● Task goal
In the material below, find the span from the line with "MERROR is a" to the line with "Anchor & Crew" and transcribe only those lines, exactly, ends included, without the pictures.
[Opening Dataset entries section]
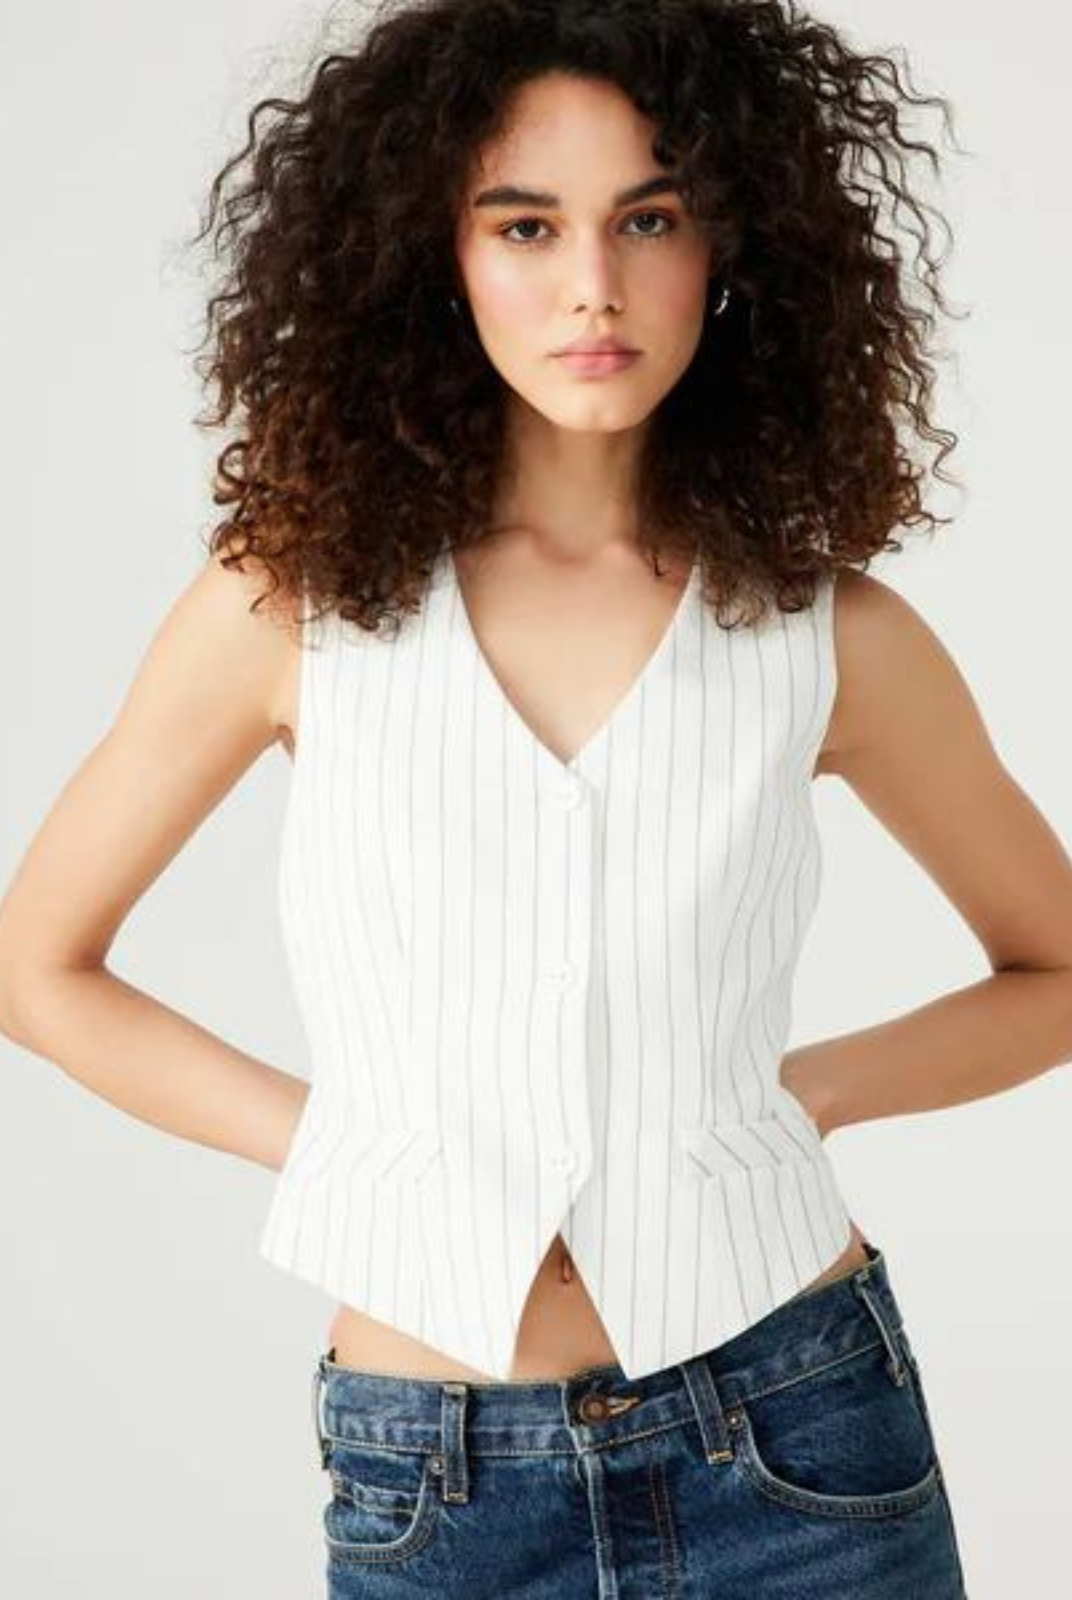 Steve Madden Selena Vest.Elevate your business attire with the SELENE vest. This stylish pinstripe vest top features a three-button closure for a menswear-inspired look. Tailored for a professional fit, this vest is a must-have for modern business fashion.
[Closing Dataset entries section]
[Opening Dataset entries section]
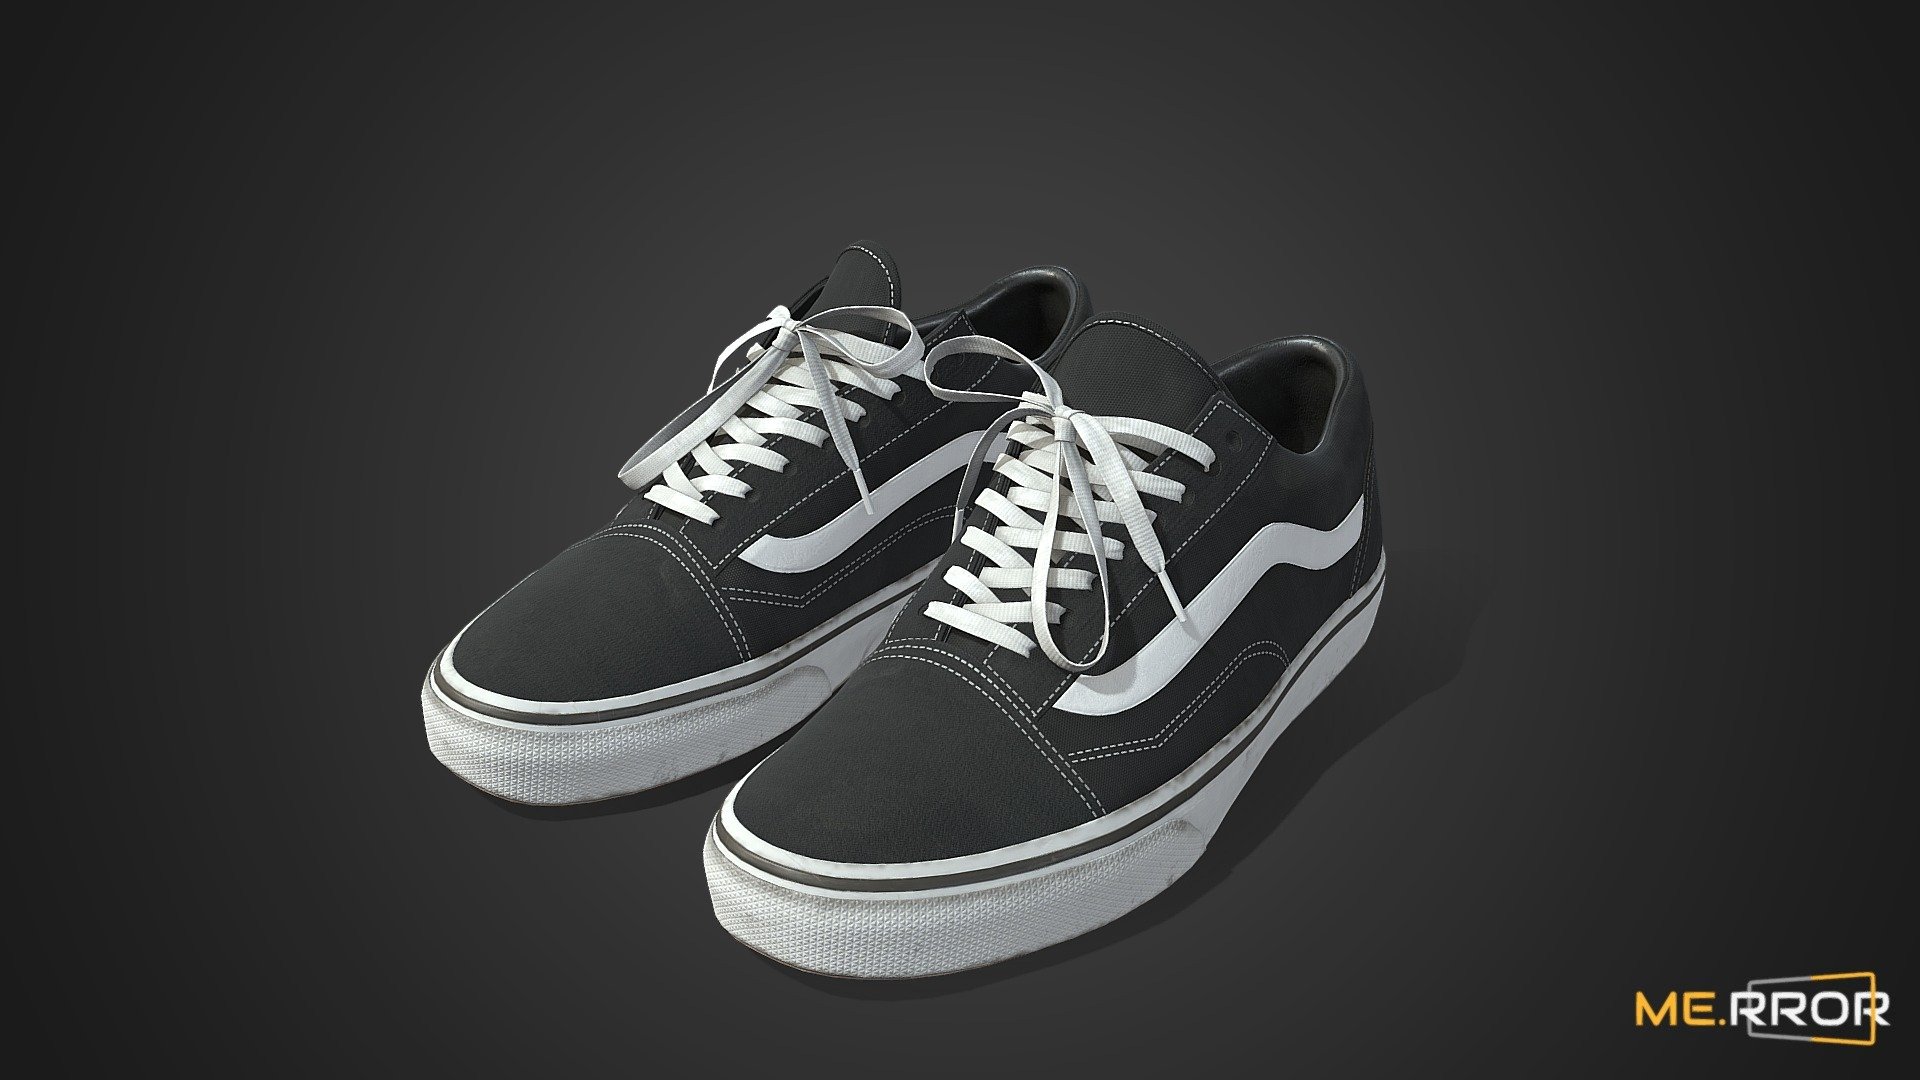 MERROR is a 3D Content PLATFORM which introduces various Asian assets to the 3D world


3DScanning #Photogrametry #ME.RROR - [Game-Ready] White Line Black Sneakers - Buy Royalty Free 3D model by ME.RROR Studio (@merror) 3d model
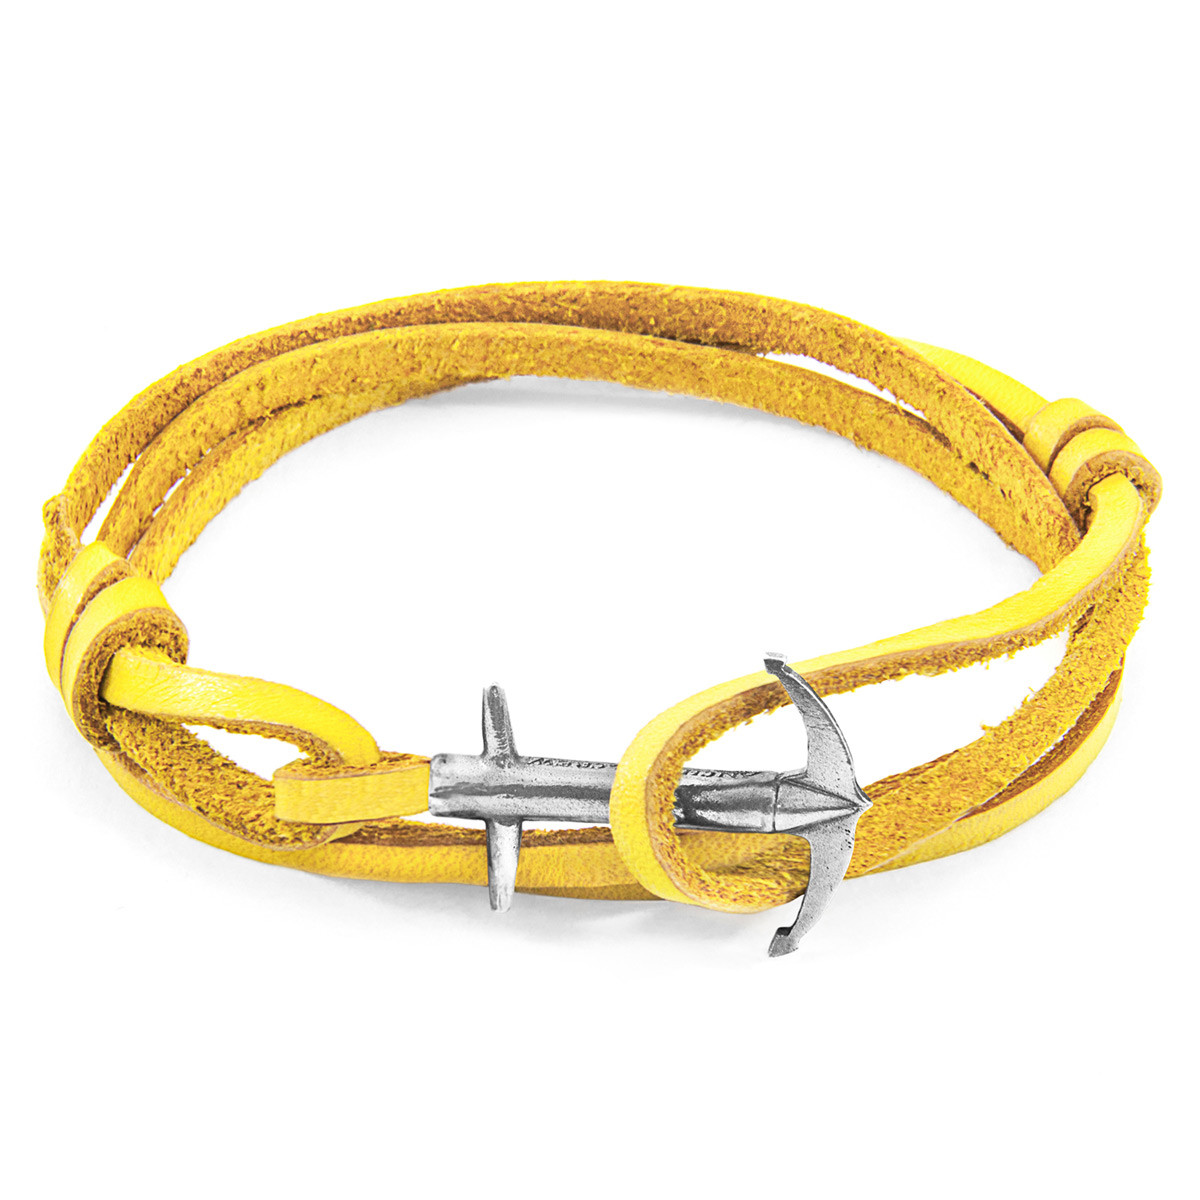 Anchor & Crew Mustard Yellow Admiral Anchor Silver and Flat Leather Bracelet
[Closing Dataset entries section]
[Opening Dataset entries section]
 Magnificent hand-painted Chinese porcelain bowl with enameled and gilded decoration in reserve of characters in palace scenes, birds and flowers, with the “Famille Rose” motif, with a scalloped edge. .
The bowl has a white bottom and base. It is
[Closing Dataset entries section]
● Answer for the task
 MERROR is a 3D Content PLATFORM which introduces various Asian assets to the 3D world


3DScanning #Photogrametry #ME.RROR - [Game-Ready] White Line Black Sneakers - Buy Royalty Free 3D model by ME.RROR Studio (@merror) 3d model
 Anchor & Crew Mustard Yellow Admiral Anchor Silver and Flat Leather Bracelet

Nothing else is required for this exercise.